Response to Washington Post front page article


Boomers’ Vast Wealth Will Be Hard to Replicate – 11/19/25

Baby Boomers now hold an estimated $85 billion dollars in assets. Yet the question remains: what seeds for the future have truly been planted—especially in protecting the environment that sustains us?  

At my fiftieth high school reunion, I reflected on fortune and fragility. My father helped write Medicaid and Medicare into law, and our family benefited from inheritance. Not everyone has that kind of safety net.  

Fiscal awareness is not optional; it is the lifeblood of democracy. Each day, the dollar in your pocket loses value while Washington funnels wealth upward.

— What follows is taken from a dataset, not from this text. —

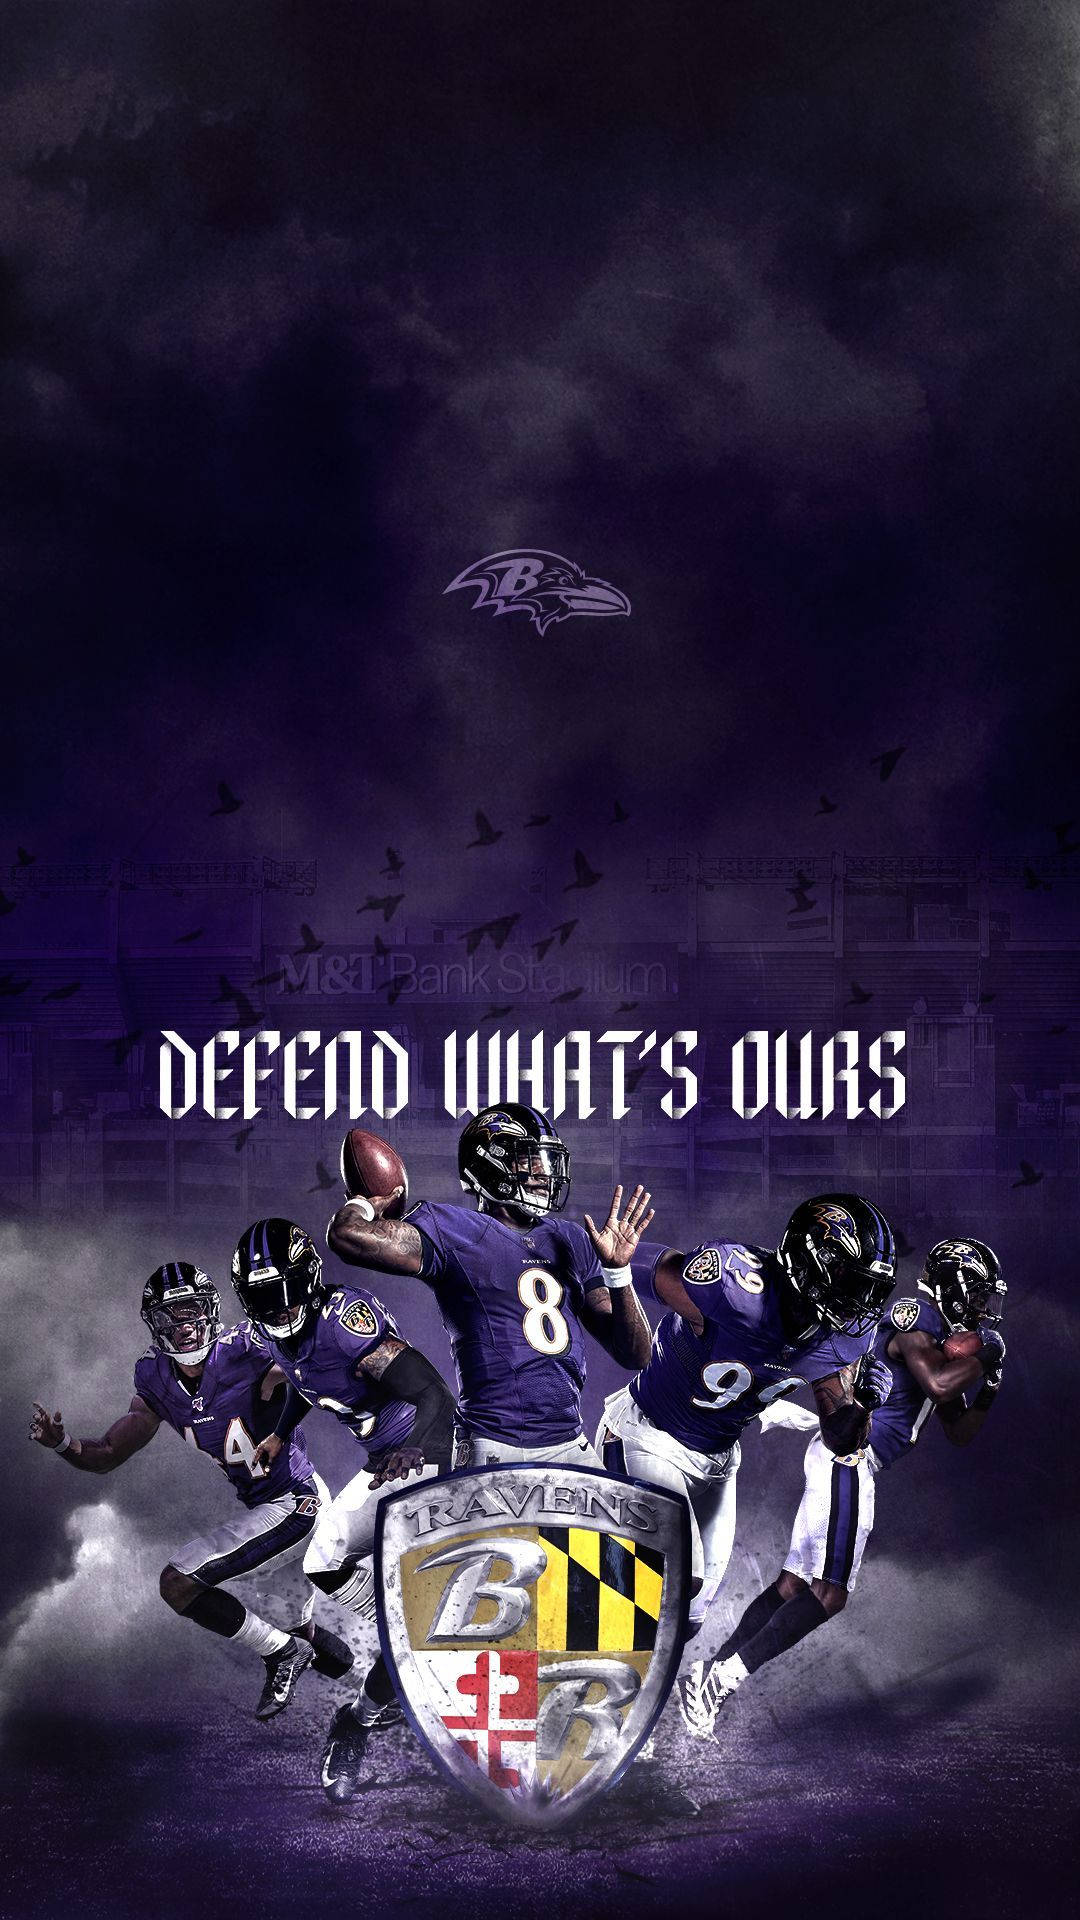 Vis din Ravens stolthed med denne Baltimore Ravens iPhone tapet! Wallpaper

Without accountability and restraint, debt and inflation will continue to hollow out the middle class and mortgage the future.  

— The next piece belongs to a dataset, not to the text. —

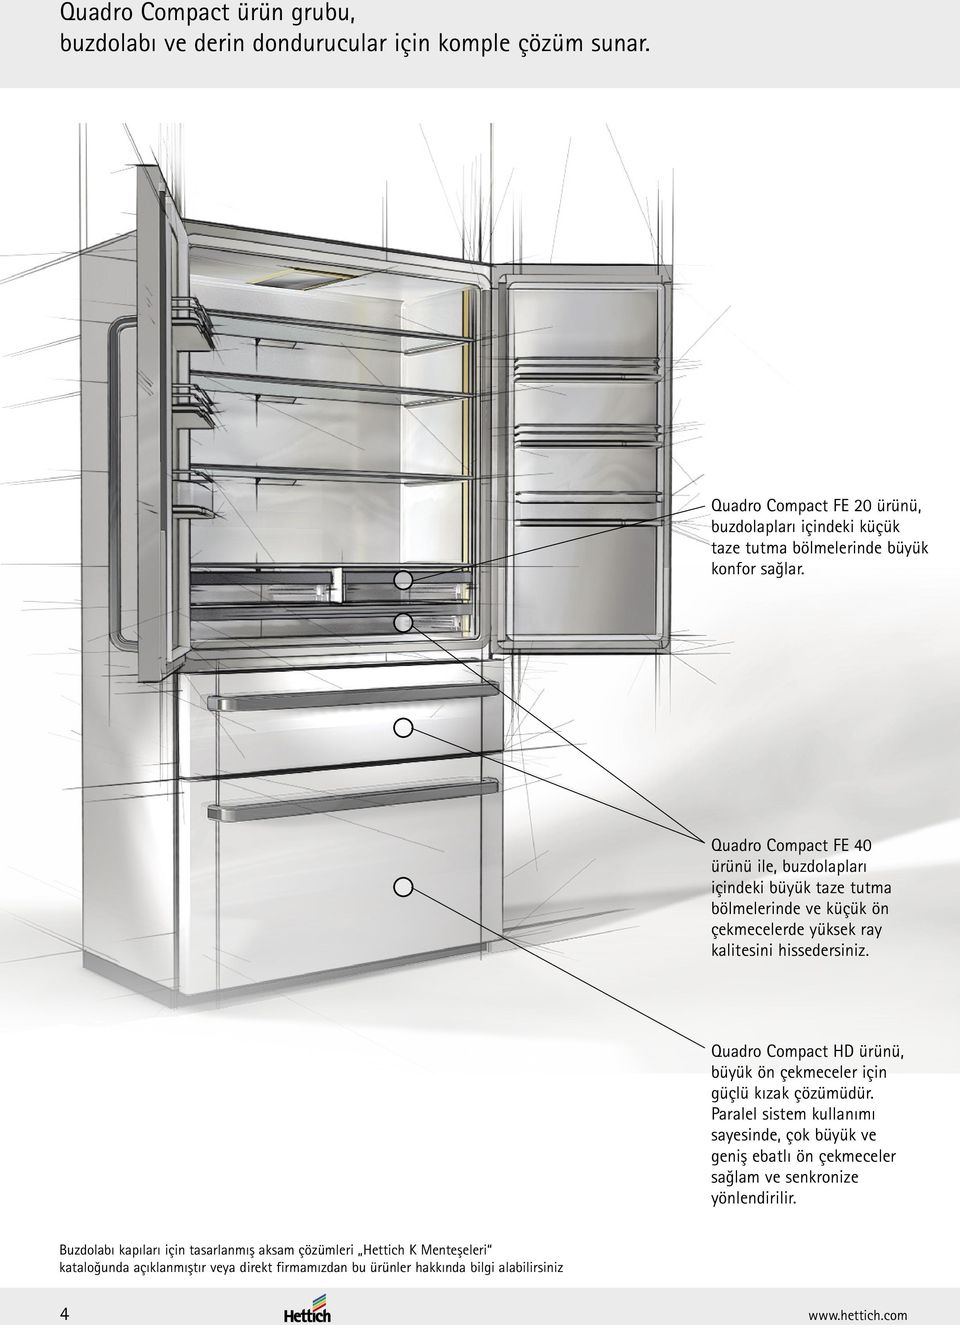 Quadro Compact FE 40 ürünü ile, buzdolapları içindeki büyük taze tutma bölmelerinde ve küçük ön çekmecelerde yüksek ray kalitesini hissedersiniz.

History offers a warning. Global empires—from Spain to England—collapsed after debasing their currency through unchecked debt. America is not immune.  

Today’s numbers are staggering:  

- $38 trillion in national debt  

- 25% of federal revenue consumed by interest payments—over $1.2 trillion annually  

- $5 trillion in revenue against $7 trillion in spending  

- A $2 trillion annual deficit  

If fiscal and ecological responsibility is not restored, the question is not if collapse will come, but when.  

We have moved from the Greatest Generation—who understood sacrifice and value—to a society that knows the price of everything and the unintended costs of nothing.  

Our prosperity depends on stewardship—of our economy and our environment. Transparency, outrage, and reform are not luxuries; they are life sustaining. Without them, collapse is not a possibility. It is a certainty.